Saturday, April 12, 2008

Obama: The Fallout

All sorts of interesting reaction today to Barack Obama's condescending remarks on "bitter" smalltown Americans who are "clinging" to guns and religion.

Ben Smith at Politico (subject link) highlights a different section of the speech, in which Obama reveals he's not only arrogant and patronizing, he's far from being the "post-racial" candidate we once imagined him to be. Obama said: "...in a lot of these communities in big industrial states like Ohio and Pennsylvania, people have been beaten down so long, and they feel so betrayed by government, and when they hear a pitch that is premised on not being cynical about government, then a part of them just doesn't buy it. And when it's delivered by -- it's true that when it's delivered by a 46-year-old black man named Barack Obama (laughter), then that adds another layer of skepticism."

Great, so he perceives that smalltown Americans are not only mindlessly clinging to guns and God, they're racists, too.

Ed Morrissey takes Obama's comments apart point by point, and Newt Gingrich also weighs in under a post titled "The Real Obama Shows Up in San Francisco."

In "Sen. Obama, Meet Dr. Freud," Danny Huddleston of American Thinker notes, as I did yesterday, that Obama seems to be projecting his own bitterness onto others.

Mark Finkelstein of NewsBusters points out the disturbing parallels between Obama's statement on religion and Karl Marx calling religion the "opiate of the masses."

Allahpundit, commenting on Obama's attempt to dig himself out of the hole today, expands on the Marxism theme: "If his original statement boiled down to 'religion is the opiate of the masses,' think of this as adding, 'and what wonderful things opiates are.'

Lisa Schiffren writes at The Corner: "I now feel fully vindicated in my suspicion that Obama's attendance at Wright's church was entirely political and expedient.
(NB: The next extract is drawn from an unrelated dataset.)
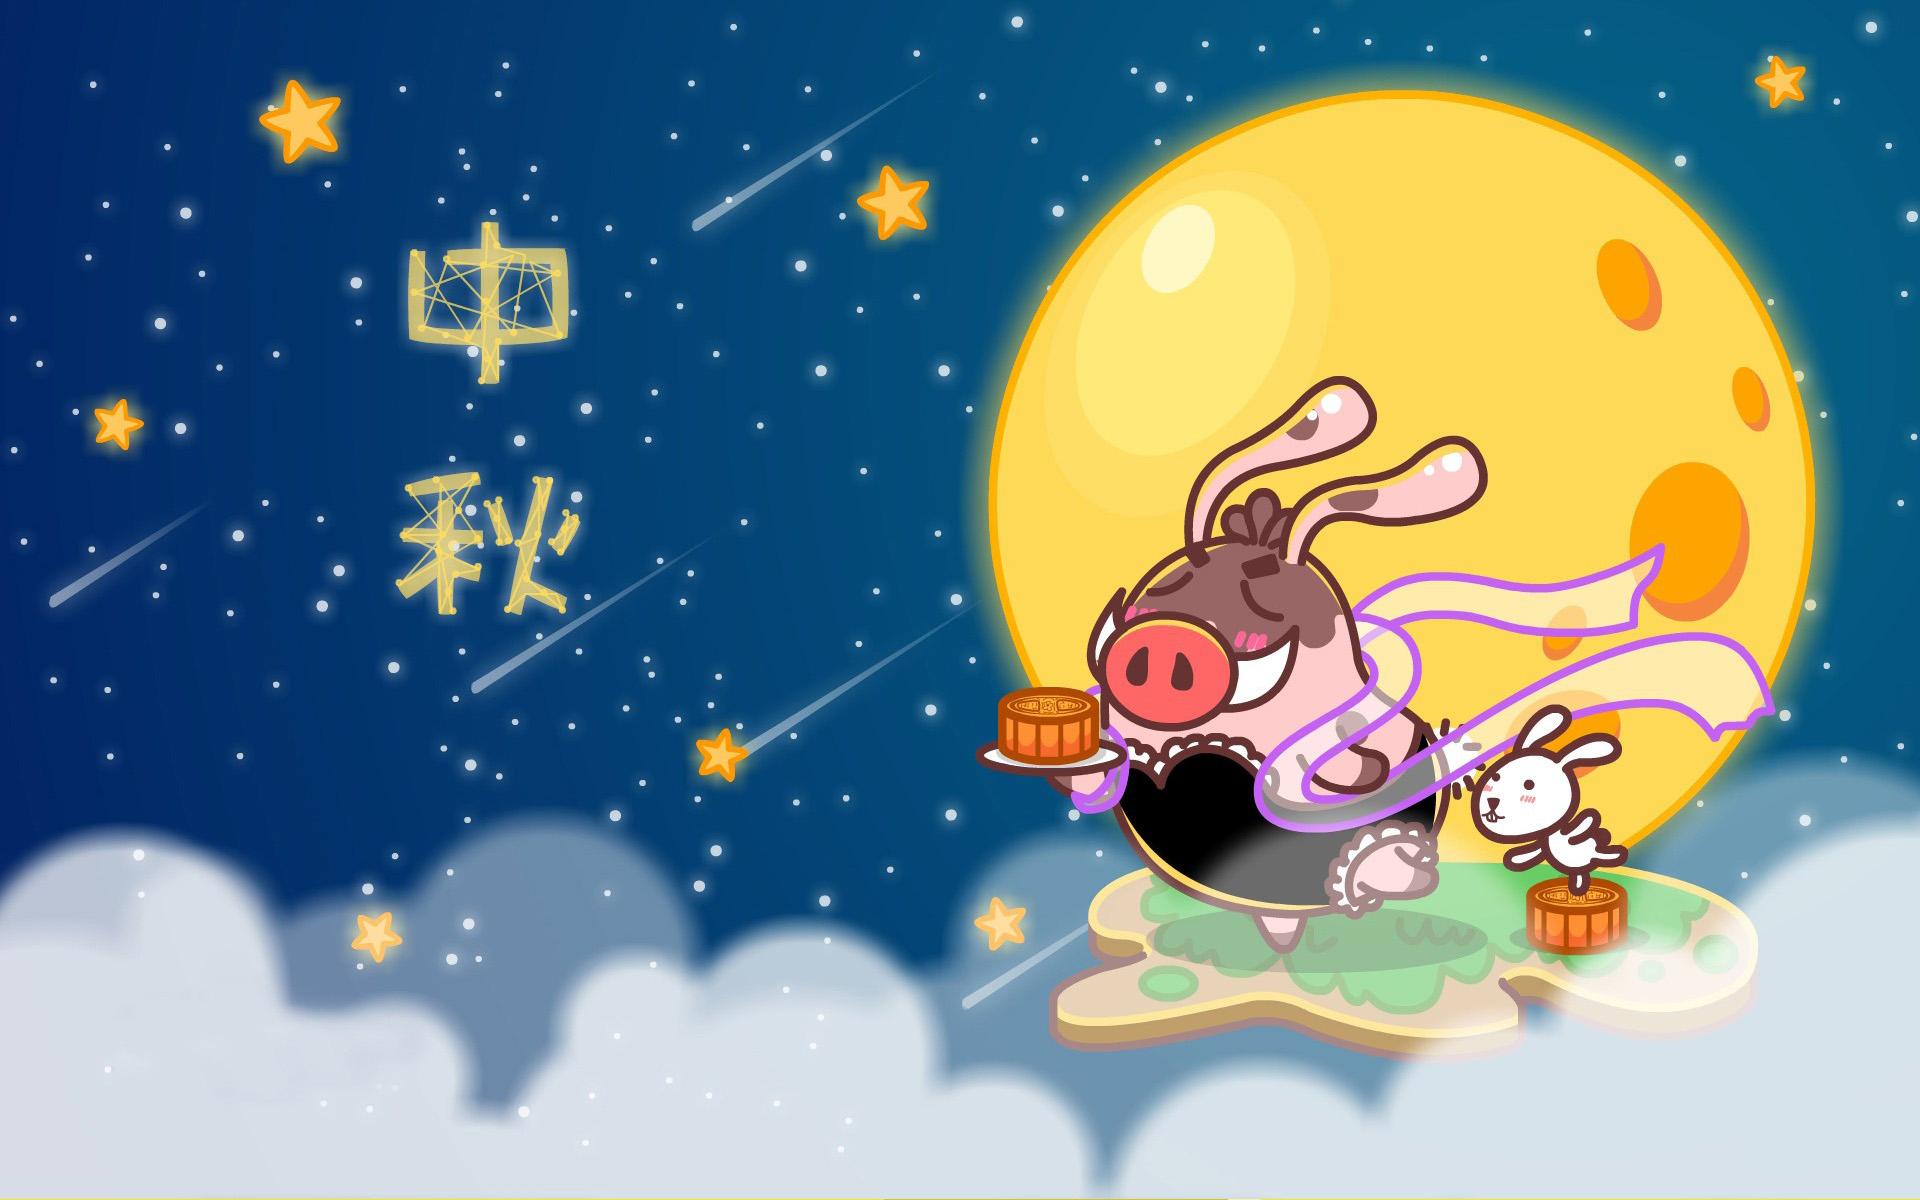 中秋节卡通PPT背景图片免费下载是由PPT宝藏(www.pptbz.com)会员zengmin上传推荐的节日PPT背景图片, 更新时间为2016-09-25,素材编号103428。 每年农历八月十五日,是传统的中秋佳节。这时是一年秋季的中期,所以被称为中秋。在中国的农历里,一年分为四季,每季又分为孟、仲、季三个部分,因而中秋也称仲秋。八月十五的月亮比其他几个月的满月更圆,更明亮,所以又叫做月夕八月节。此夜,人们仰望天空如玉如盘的朗朗明月,自然会期盼家人团聚。远在他乡的游子,也借此寄托自己对故乡和亲人

No one who has a personal relationship with Jesus Christ — or even moderate respect for other people's religious views — thinks in these terms about why working class people might believe in God. Or believes that a more enlightened government will supplant that."

Politico's Mike Allen lays out 12 reasons Obama will be haunted by his own words.
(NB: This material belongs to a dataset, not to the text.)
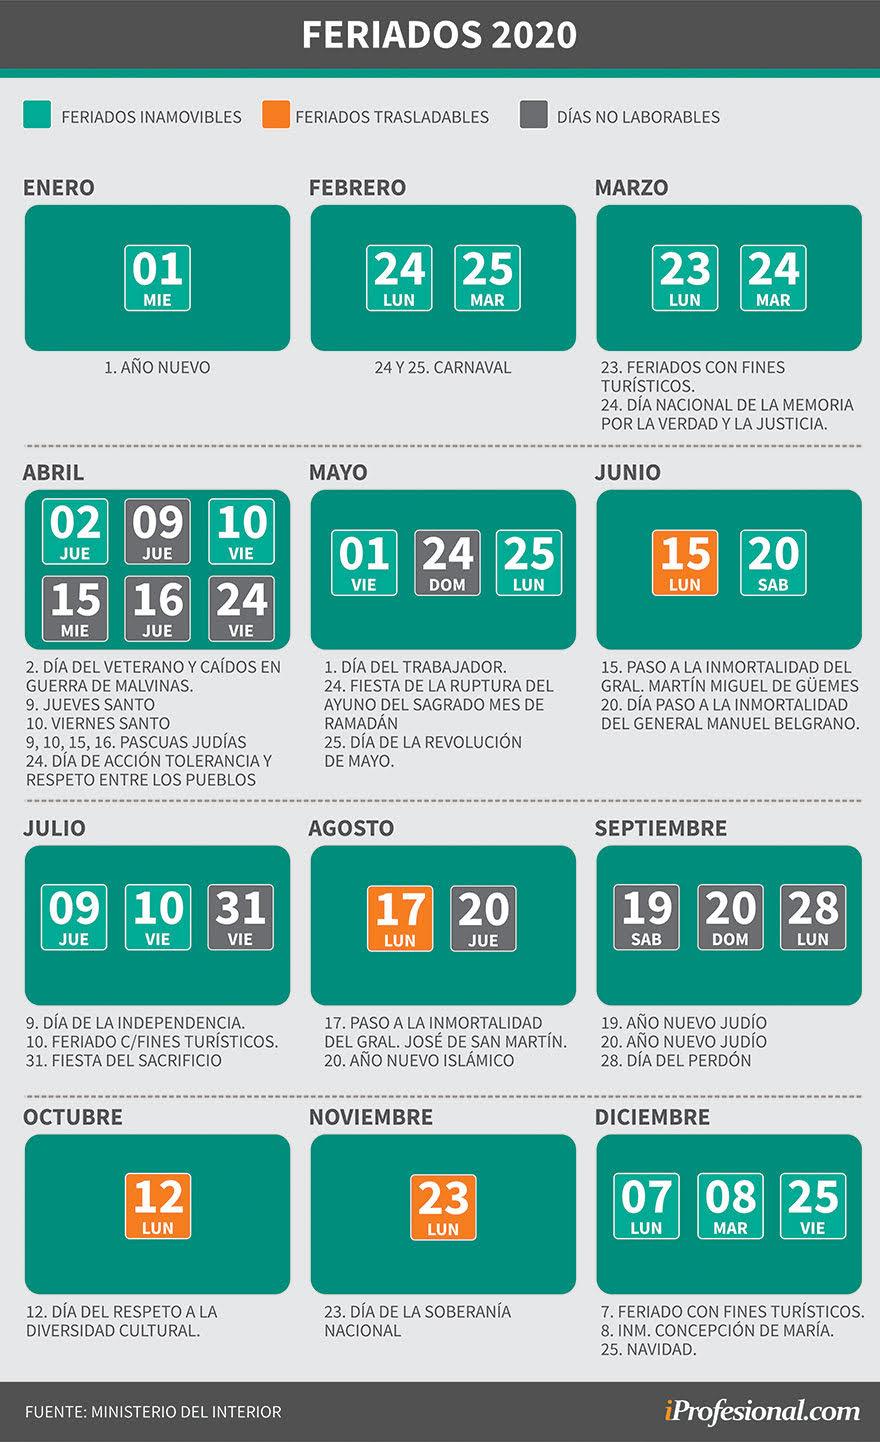 Este es el calendario 2020 oficial de feriados del Ministerio del Interior de la Nación

Mark Steyn comments on how out of touch the Obamas are with ordinary Americans -- something that was recently made clear when Michelle Obama complained about having to spend $10000 a year on her children's "piano and dance and sports supplements and so on and so forth." I have twice as many children as she does, and our "piano and dance and sports" don't come anywhere close to $10000 a year, and if we had a spare $10000 a year lying around I don't think we'd be frittering it away as Mrs. Obama seems to do.

Senator Clinton's got to be loving this...

Sunday Update: Victor Davis Hanson on Obama's Orwellian rewrite of his original words.

Michael Goodwin of the New York Daily News: "Turn his screed around and it comes out this way: If the hicks had good jobs, they wouldn't need God or guns... Such a dark view of heartland hearts is not very Christian and suggests Snob-ama really did hear the rants of his pastor, the Rev. Jeremiah Wright."

Thomas Lifson: "The Party of the Little Guy appears to be caught in what Marxists like to call a contradiction. Their rhetoric is all about compassion and helping, and taking care of the unfortunate. But their political philosophy is anchored in elitism: the notion that the government (and the elites running it) know better than Everyman what is good for him."